CrazyTomas Opublikowano Piątek o 19:03 Opublikowano Piątek o 19:03 Skoro nikt nie chciał nic powiedzieć przez 24plus, to jeszcze coś z gatunku mała rzecz a cieszy. Serwa i popychacze SK i SW są w tylnej części kabinki i nad nimi przechodzi sporo, bo 3 przewody do silnika, 2 3-przewodowe taśmy do lotek. Warto nad serwami wkleić półkę z depronu i puścić kable nad nią. Inaczej na pewno któreś się zablokuje. Oczywiście w najgorszym momencie.
RobRoy Opublikowano Piątek o 21:05 Opublikowano Piątek o 21:05 Wkleić - nie wkleić - oto jest pytanie ... wkleić , albo na jakieś rzepy, lub przykręcaną żeby było dojście do serw ....

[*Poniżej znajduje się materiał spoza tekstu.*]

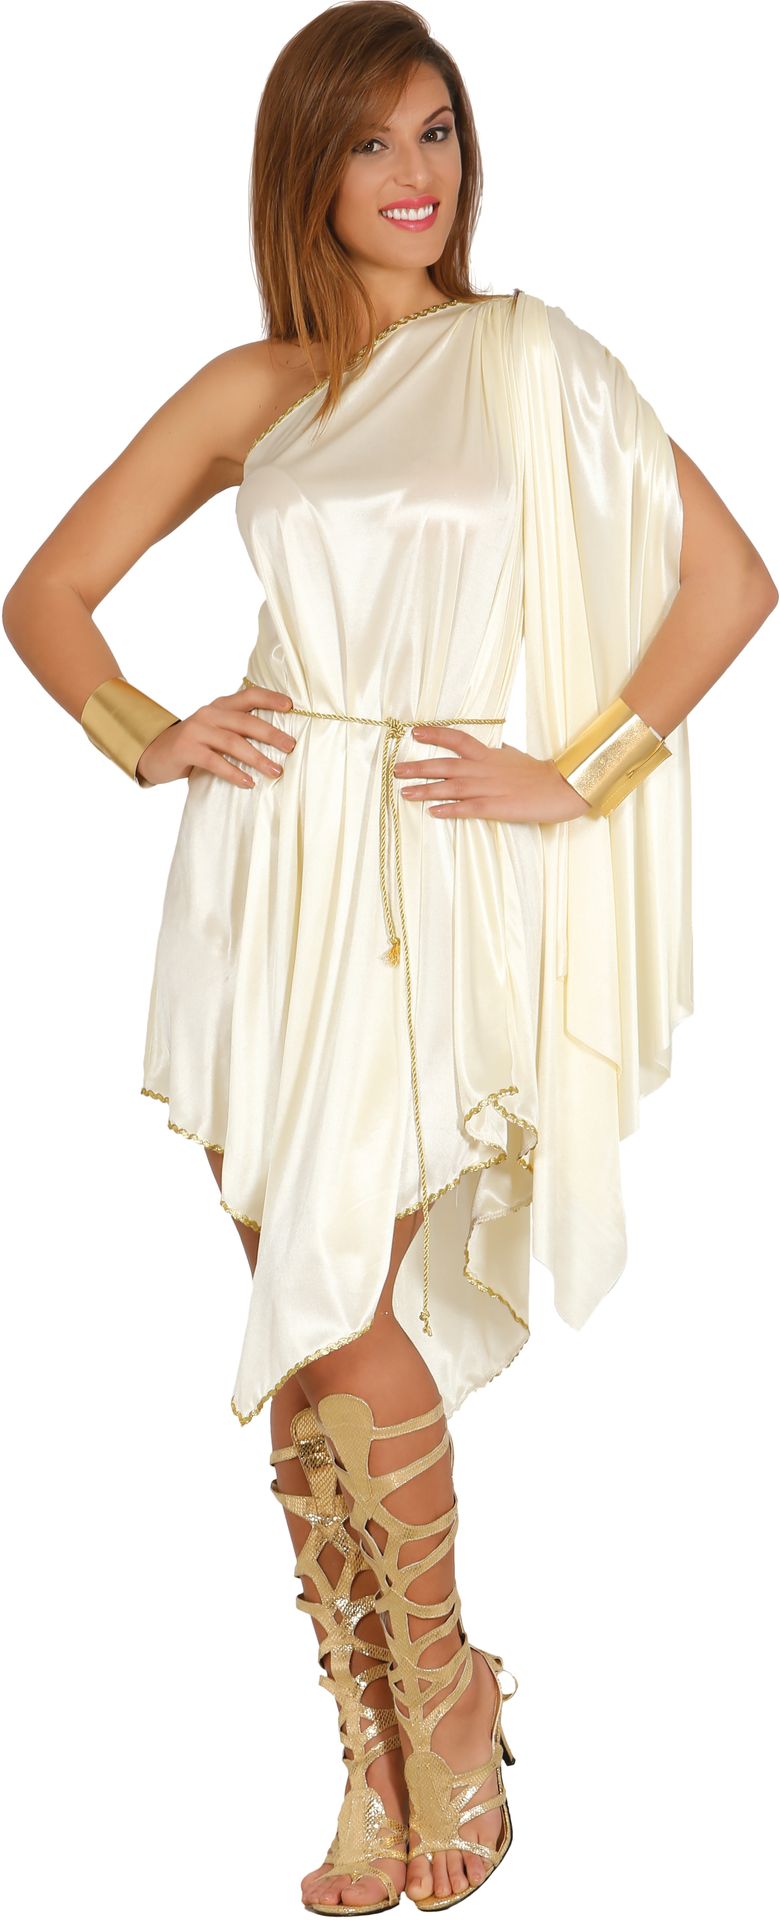 Griekse godin jurk dames
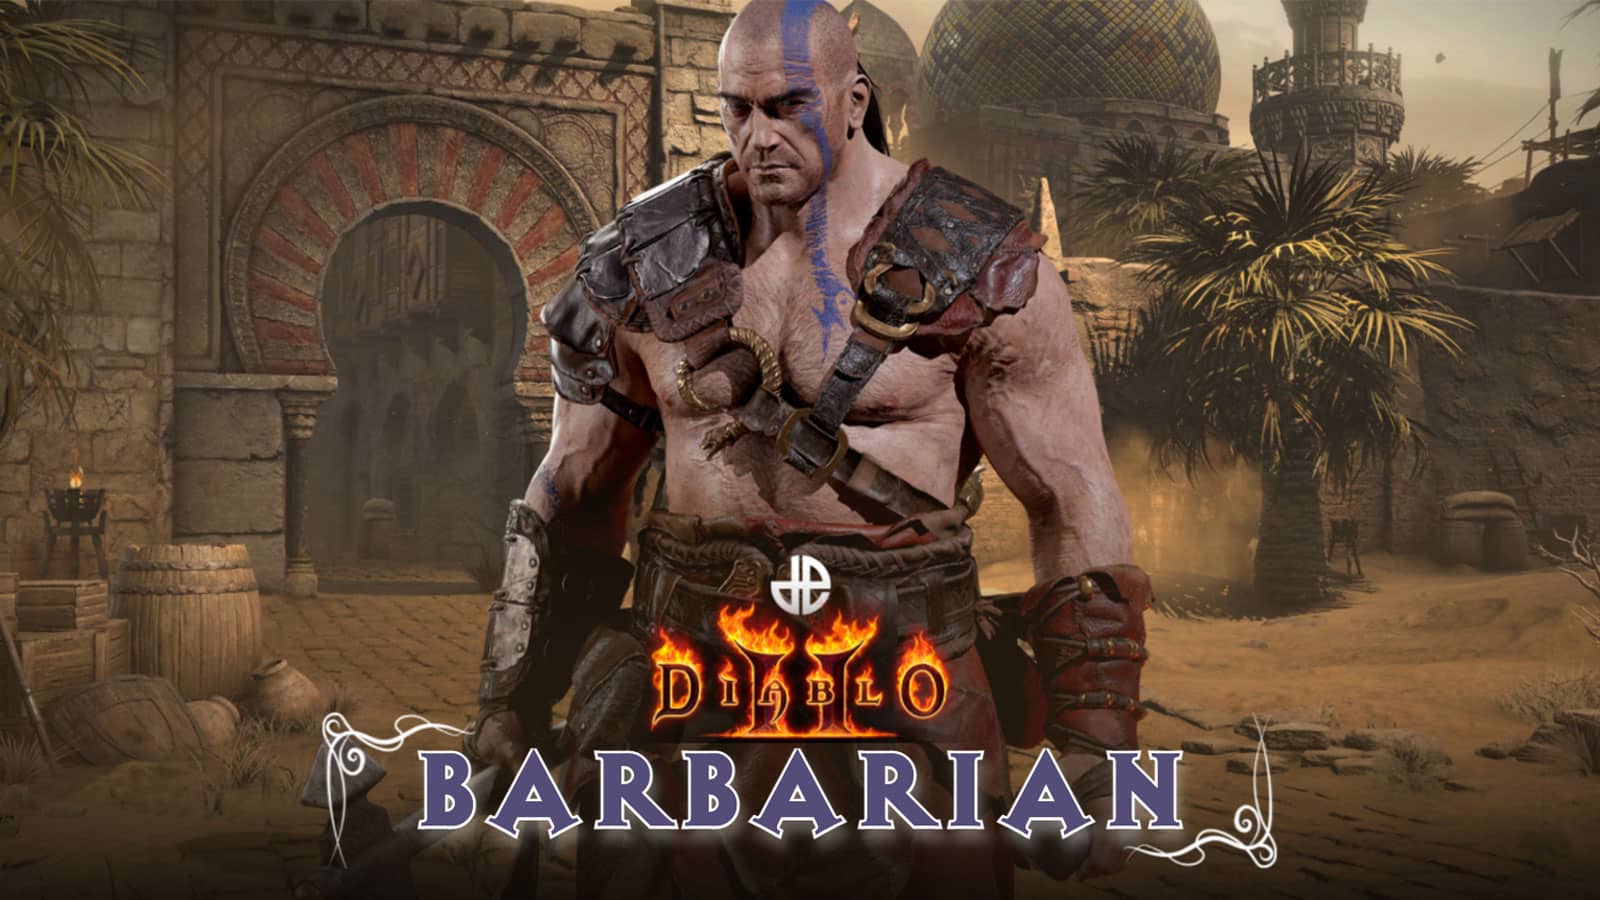 Barbarian Diablo 2 builds

CrazyTomas Opublikowano Sobota o 12:30 Opublikowano Sobota o 12:30 Marka Hłaskę wyleczył z czytania Żeromskiego początek jednej z jego powieści. Mnie dzisiaj wyleczyło z zestawów PnP(nawet w promocji) mocowanie silnika wklejone na stałe wklejone na stałe w równie sklejonym kadłubie. Albo robię od podstaw po mojemu, albo wcale. Serwa - po podłączeniu popychaczy strach się bać, bo bez zasilania samo odłożenie modelu 790 gram wagi! powoduje ich przestawianie. Regulator opisany 40A grzeje się potężnie na śmigle 5 cali na 3/4 zakresu. Więcej strach. A nuż mi w twarz wybuchnie. Zobaczymy jutro w powietrzu, ma wiać mniej. PS do Kolegi ze Szkocji - wkleić na tyle wysoko żeby kabelki poszły górą a dojście do serw zostało.